What you need to do ->
How do the records below read from their first line through the line containing "Ороктойский мост, Горный Алтай, фото"? Write those lines out exactly.

Listed records ->
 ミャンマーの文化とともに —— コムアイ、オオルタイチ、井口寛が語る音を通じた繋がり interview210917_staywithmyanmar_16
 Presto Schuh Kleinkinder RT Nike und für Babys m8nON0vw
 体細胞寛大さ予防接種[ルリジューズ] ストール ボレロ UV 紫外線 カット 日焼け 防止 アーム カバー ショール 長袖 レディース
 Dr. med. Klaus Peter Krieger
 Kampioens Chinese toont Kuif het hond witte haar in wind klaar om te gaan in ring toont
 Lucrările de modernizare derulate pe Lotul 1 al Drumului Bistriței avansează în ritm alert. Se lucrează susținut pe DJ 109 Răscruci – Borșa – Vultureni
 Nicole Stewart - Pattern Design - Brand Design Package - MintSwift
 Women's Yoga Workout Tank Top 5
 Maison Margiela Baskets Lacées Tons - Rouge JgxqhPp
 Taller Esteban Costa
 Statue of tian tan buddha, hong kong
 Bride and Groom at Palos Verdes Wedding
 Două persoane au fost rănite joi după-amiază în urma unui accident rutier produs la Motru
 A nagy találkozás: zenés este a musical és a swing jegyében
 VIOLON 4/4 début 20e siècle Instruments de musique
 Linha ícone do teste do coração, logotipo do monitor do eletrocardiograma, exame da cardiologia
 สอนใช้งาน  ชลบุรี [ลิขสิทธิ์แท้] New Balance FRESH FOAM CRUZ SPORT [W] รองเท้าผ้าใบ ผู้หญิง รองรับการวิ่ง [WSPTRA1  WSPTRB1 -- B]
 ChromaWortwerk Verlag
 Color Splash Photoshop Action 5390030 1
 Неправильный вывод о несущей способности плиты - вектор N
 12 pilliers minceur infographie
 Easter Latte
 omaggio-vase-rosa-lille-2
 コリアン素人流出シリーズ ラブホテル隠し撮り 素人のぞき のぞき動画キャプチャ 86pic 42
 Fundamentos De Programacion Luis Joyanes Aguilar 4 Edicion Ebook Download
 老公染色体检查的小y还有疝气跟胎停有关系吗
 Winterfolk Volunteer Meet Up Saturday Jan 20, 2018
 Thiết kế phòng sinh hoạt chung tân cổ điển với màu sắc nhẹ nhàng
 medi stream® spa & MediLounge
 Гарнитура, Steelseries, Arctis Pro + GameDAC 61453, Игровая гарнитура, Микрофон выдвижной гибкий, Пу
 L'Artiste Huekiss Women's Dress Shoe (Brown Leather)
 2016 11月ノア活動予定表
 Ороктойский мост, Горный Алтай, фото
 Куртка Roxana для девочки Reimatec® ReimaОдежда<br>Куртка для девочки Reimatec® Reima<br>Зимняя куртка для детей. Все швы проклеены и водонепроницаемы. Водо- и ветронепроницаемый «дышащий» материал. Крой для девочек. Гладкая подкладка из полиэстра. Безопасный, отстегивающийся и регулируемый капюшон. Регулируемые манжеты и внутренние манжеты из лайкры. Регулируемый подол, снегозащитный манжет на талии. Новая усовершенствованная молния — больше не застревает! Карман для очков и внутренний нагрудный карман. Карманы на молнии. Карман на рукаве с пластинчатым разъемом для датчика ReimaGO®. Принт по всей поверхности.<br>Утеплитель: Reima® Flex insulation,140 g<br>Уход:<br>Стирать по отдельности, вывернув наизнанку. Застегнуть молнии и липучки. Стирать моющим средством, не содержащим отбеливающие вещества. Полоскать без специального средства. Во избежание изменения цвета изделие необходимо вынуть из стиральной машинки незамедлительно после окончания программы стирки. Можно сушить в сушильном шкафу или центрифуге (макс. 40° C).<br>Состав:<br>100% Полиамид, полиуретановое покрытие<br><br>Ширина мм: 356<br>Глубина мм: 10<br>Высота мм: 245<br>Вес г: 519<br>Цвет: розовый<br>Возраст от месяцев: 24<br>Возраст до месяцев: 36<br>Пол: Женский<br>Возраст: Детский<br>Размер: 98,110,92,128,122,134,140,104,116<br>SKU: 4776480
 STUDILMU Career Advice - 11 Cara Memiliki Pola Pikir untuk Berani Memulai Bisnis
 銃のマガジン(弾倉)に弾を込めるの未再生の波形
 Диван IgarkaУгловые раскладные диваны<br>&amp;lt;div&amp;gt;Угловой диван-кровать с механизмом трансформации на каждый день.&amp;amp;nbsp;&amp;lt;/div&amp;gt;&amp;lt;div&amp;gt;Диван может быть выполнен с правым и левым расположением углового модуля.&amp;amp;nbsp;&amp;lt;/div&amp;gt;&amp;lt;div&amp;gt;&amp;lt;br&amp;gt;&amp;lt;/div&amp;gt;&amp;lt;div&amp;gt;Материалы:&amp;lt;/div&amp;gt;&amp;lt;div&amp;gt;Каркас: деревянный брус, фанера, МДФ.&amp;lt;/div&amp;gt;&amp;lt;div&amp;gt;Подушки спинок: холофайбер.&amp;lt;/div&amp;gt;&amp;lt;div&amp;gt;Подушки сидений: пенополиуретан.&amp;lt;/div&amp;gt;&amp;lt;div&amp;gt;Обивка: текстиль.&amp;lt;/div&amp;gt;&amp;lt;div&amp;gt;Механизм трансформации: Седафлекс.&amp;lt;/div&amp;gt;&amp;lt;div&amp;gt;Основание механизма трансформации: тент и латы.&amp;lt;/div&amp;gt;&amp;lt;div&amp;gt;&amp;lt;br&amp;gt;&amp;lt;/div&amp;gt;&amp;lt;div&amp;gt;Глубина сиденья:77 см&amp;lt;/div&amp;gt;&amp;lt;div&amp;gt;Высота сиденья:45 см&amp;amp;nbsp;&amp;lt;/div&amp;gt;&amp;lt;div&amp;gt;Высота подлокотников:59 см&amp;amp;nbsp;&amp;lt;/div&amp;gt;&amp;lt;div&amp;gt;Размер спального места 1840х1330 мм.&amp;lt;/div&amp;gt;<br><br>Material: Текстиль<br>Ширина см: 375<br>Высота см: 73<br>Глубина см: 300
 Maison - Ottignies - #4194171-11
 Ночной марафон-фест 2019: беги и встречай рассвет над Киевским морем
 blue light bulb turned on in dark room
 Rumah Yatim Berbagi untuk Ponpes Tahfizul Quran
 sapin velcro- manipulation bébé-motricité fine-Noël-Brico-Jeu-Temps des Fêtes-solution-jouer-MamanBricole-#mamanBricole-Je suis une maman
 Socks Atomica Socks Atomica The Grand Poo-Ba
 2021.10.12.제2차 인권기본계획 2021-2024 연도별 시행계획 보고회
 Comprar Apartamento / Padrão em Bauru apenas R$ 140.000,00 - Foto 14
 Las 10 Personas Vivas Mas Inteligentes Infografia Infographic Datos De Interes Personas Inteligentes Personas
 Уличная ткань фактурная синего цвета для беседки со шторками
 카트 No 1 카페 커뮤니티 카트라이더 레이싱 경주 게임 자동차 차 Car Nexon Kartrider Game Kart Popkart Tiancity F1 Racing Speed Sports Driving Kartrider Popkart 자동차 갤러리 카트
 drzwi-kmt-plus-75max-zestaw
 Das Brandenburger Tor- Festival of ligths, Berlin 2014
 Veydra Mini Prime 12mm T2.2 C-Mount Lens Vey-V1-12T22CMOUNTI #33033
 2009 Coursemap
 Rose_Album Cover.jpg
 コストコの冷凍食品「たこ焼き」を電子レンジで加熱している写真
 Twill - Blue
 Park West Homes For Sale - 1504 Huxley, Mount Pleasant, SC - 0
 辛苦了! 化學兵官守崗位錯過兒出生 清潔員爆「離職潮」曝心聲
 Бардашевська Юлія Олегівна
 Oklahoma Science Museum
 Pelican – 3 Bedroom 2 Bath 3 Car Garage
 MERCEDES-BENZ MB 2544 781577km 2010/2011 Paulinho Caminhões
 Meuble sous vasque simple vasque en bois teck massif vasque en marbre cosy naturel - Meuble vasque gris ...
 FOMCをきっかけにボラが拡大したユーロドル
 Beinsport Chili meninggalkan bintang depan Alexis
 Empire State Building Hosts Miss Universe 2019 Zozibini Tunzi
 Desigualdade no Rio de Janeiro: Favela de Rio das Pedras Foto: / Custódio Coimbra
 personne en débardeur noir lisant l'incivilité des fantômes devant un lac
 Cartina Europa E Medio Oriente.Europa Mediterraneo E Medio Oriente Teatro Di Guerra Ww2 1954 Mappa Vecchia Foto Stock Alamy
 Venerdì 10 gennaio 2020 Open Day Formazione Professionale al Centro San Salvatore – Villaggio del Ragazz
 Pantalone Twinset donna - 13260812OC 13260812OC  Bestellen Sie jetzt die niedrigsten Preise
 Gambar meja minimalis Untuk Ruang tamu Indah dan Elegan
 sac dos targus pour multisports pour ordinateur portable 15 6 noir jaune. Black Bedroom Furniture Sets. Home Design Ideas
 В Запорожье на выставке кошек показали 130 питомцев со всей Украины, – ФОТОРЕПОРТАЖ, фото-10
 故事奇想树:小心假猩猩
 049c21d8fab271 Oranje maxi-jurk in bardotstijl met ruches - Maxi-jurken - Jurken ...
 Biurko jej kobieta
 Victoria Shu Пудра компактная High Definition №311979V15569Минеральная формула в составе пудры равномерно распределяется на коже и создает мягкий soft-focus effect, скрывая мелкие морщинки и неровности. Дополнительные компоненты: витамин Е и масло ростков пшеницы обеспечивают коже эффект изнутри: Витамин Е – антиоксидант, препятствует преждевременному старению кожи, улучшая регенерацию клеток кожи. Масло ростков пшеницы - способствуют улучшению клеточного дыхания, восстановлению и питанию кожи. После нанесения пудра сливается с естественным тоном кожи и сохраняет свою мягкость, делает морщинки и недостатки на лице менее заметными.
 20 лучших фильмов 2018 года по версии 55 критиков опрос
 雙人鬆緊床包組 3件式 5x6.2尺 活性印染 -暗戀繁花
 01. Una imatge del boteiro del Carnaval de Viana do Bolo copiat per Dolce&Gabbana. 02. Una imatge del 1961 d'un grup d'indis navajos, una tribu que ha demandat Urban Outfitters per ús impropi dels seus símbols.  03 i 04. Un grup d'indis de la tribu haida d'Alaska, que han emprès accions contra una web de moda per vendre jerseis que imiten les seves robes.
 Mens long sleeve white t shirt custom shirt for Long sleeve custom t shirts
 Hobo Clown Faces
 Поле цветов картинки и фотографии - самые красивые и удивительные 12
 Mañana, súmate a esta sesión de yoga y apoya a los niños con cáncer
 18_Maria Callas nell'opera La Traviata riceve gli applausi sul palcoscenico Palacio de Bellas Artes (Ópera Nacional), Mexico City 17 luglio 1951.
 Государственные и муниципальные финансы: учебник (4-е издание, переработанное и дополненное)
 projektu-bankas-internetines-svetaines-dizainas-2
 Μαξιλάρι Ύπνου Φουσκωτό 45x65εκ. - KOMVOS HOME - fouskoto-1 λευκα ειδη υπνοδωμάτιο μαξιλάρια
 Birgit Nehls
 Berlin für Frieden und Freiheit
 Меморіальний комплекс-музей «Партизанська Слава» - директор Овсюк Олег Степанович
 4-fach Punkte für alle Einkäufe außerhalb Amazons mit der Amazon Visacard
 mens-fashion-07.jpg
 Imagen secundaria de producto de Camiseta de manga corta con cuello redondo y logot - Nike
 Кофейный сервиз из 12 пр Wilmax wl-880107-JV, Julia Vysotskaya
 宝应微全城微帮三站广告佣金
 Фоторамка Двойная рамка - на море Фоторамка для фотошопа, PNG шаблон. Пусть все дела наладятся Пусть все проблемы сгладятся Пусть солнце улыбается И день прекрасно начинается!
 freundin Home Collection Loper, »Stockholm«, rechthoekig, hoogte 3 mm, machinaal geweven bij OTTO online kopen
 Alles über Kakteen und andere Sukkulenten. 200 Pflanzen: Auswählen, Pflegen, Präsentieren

Result ->
 ミャンマーの文化とともに —— コムアイ、オオルタイチ、井口寛が語る音を通じた繋がり interview210917_staywithmyanmar_16
 Presto Schuh Kleinkinder RT Nike und für Babys m8nON0vw
 体細胞寛大さ予防接種[ルリジューズ] ストール ボレロ UV 紫外線 カット 日焼け 防止 アーム カバー ショール 長袖 レディース
 Dr. med. Klaus Peter Krieger
 Kampioens Chinese toont Kuif het hond witte haar in wind klaar om te gaan in ring toont
 Lucrările de modernizare derulate pe Lotul 1 al Drumului Bistriței avansează în ritm alert. Se lucrează susținut pe DJ 109 Răscruci – Borșa – Vultureni
 Nicole Stewart - Pattern Design - Brand Design Package - MintSwift
 Women's Yoga Workout Tank Top 5
 Maison Margiela Baskets Lacées Tons - Rouge JgxqhPp
 Taller Esteban Costa
 Statue of tian tan buddha, hong kong
 Bride and Groom at Palos Verdes Wedding
 Două persoane au fost rănite joi după-amiază în urma unui accident rutier produs la Motru
 A nagy találkozás: zenés este a musical és a swing jegyében
 VIOLON 4/4 début 20e siècle Instruments de musique
 Linha ícone do teste do coração, logotipo do monitor do eletrocardiograma, exame da cardiologia
 สอนใช้งาน  ชลบุรี [ลิขสิทธิ์แท้] New Balance FRESH FOAM CRUZ SPORT [W] รองเท้าผ้าใบ ผู้หญิง รองรับการวิ่ง [WSPTRA1  WSPTRB1 -- B]
 ChromaWortwerk Verlag
 Color Splash Photoshop Action 5390030 1
 Неправильный вывод о несущей способности плиты - вектор N
 12 pilliers minceur infographie
 Easter Latte
 omaggio-vase-rosa-lille-2
 コリアン素人流出シリーズ ラブホテル隠し撮り 素人のぞき のぞき動画キャプチャ 86pic 42
 Fundamentos De Programacion Luis Joyanes Aguilar 4 Edicion Ebook Download
 老公染色体检查的小y还有疝气跟胎停有关系吗
 Winterfolk Volunteer Meet Up Saturday Jan 20, 2018
 Thiết kế phòng sinh hoạt chung tân cổ điển với màu sắc nhẹ nhàng
 medi stream® spa & MediLounge
 Гарнитура, Steelseries, Arctis Pro + GameDAC 61453, Игровая гарнитура, Микрофон выдвижной гибкий, Пу
 L'Artiste Huekiss Women's Dress Shoe (Brown Leather)
 2016 11月ノア活動予定表
 Ороктойский мост, Горный Алтай, фото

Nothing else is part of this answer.